• _What is required_: Pictures in the records below must be left out. Return exactly the lines from the line with "Lunch box L, Plastique, semi" to the line with "Happy Birthday Anveer Enjoy Cat Meme", both included.

• _Supplied data_:
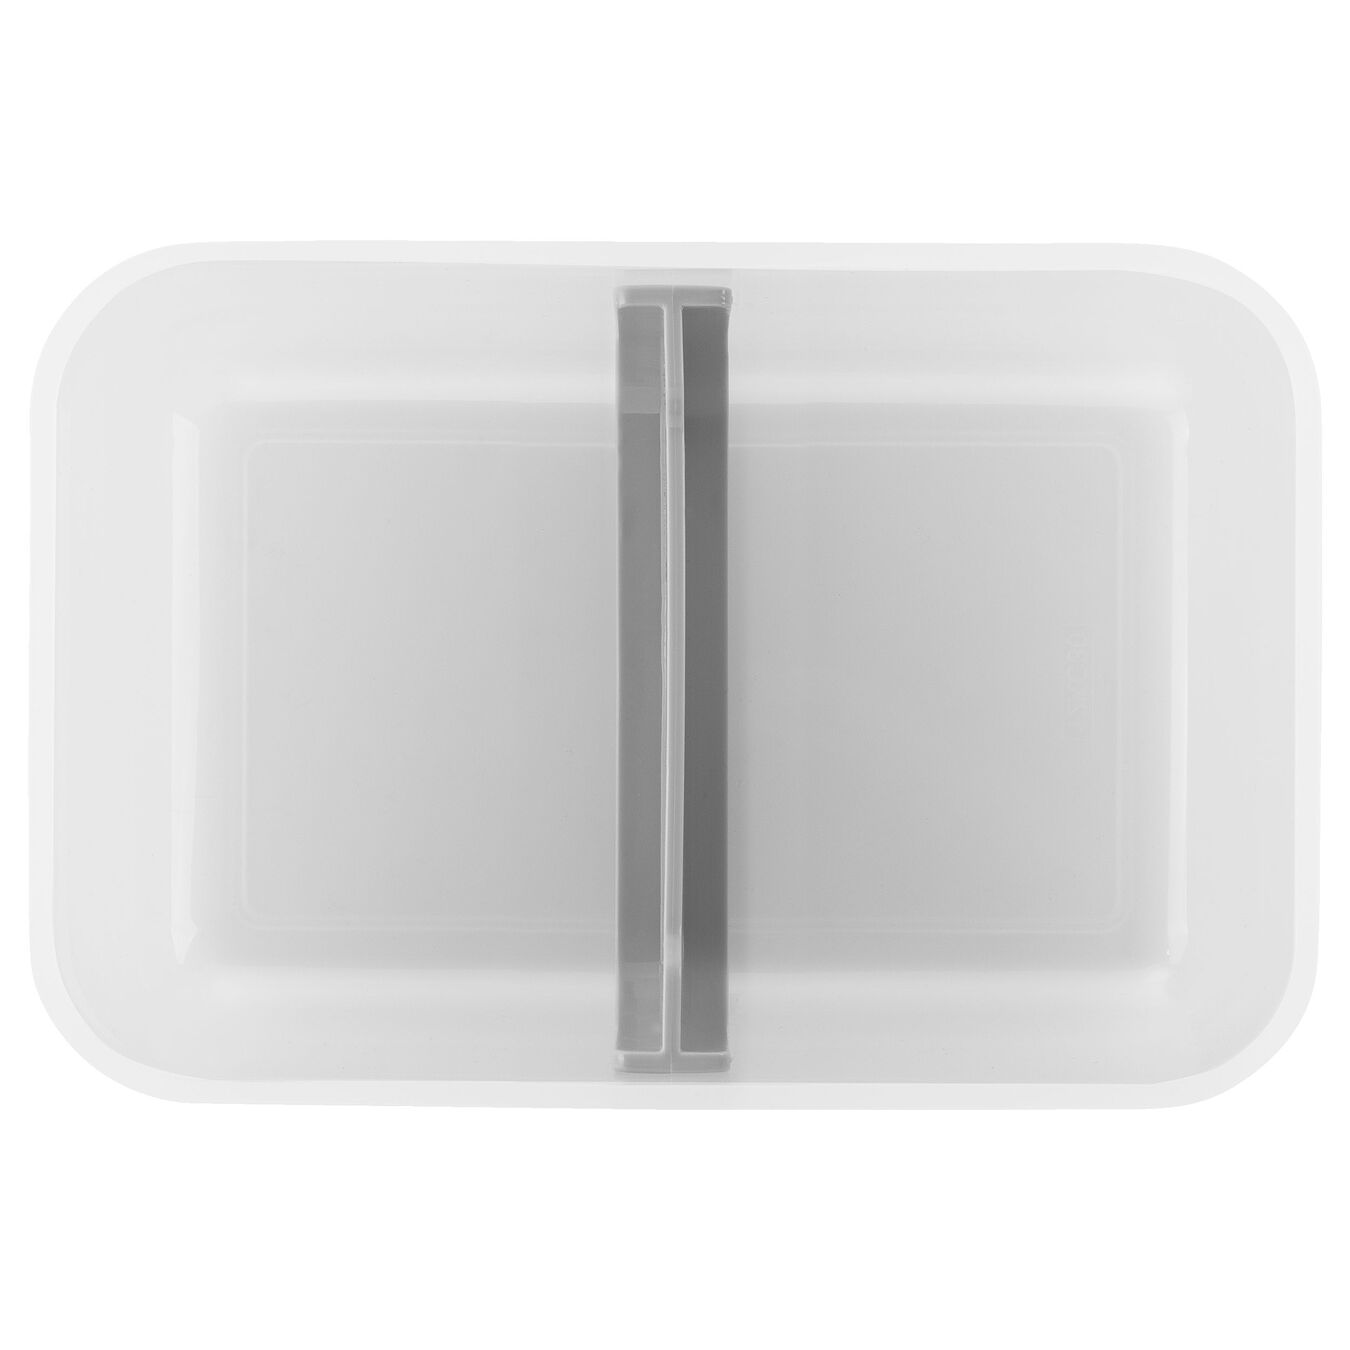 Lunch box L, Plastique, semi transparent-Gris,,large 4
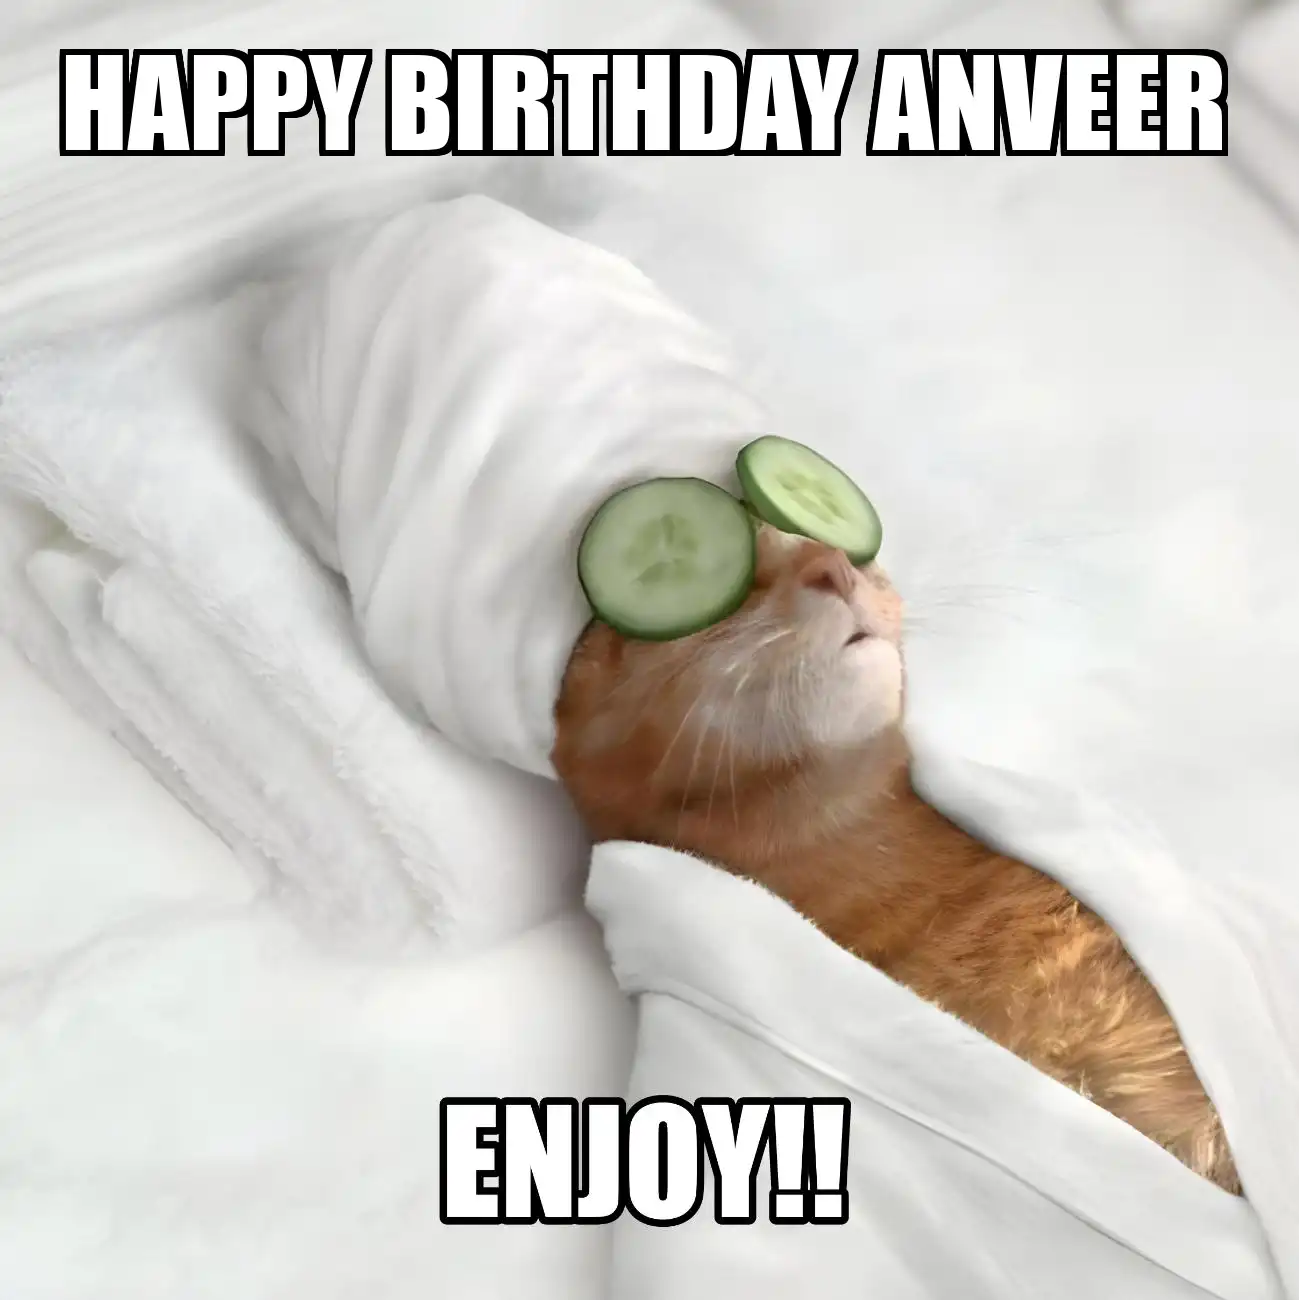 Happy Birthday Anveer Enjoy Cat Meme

...

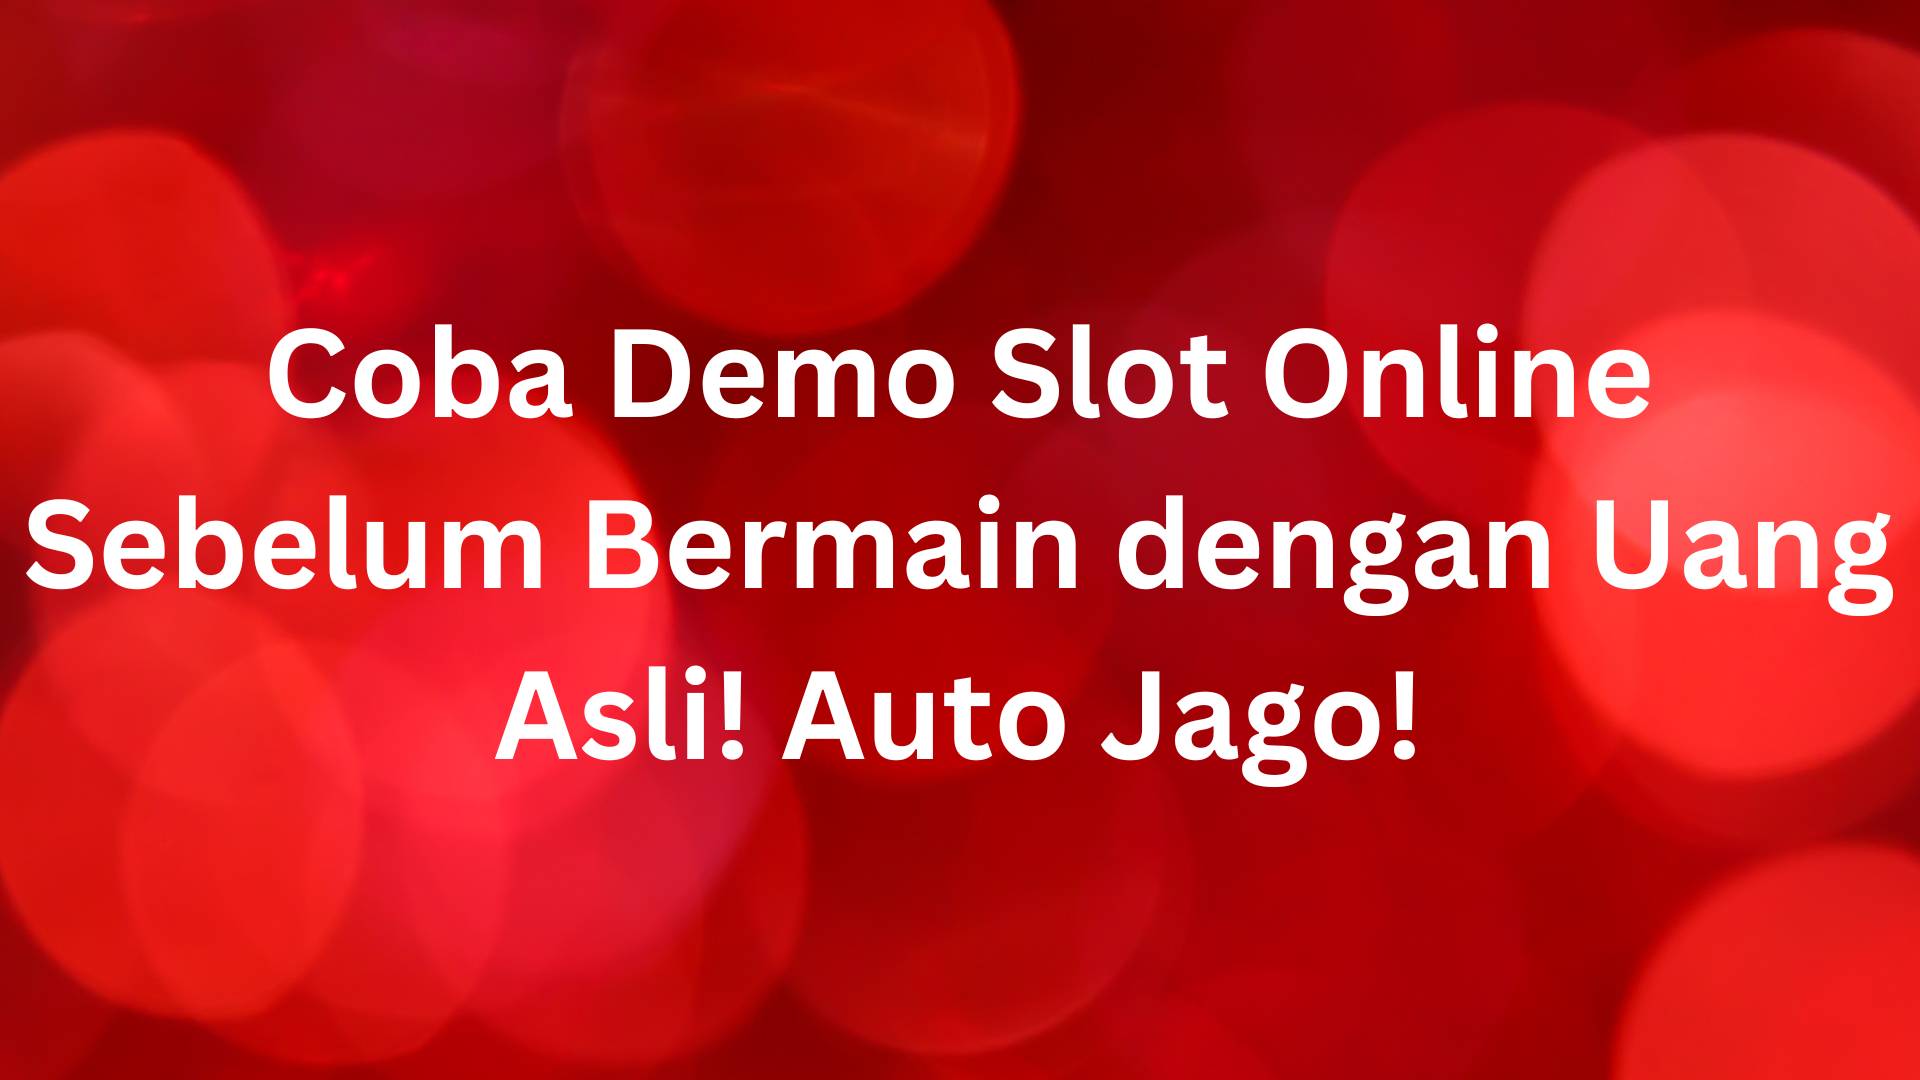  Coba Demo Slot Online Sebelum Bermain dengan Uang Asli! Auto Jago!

• _Solution for this exercise_:
 Lunch box L, Plastique, semi transparent-Gris,,large 4
 Happy Birthday Anveer Enjoy Cat Meme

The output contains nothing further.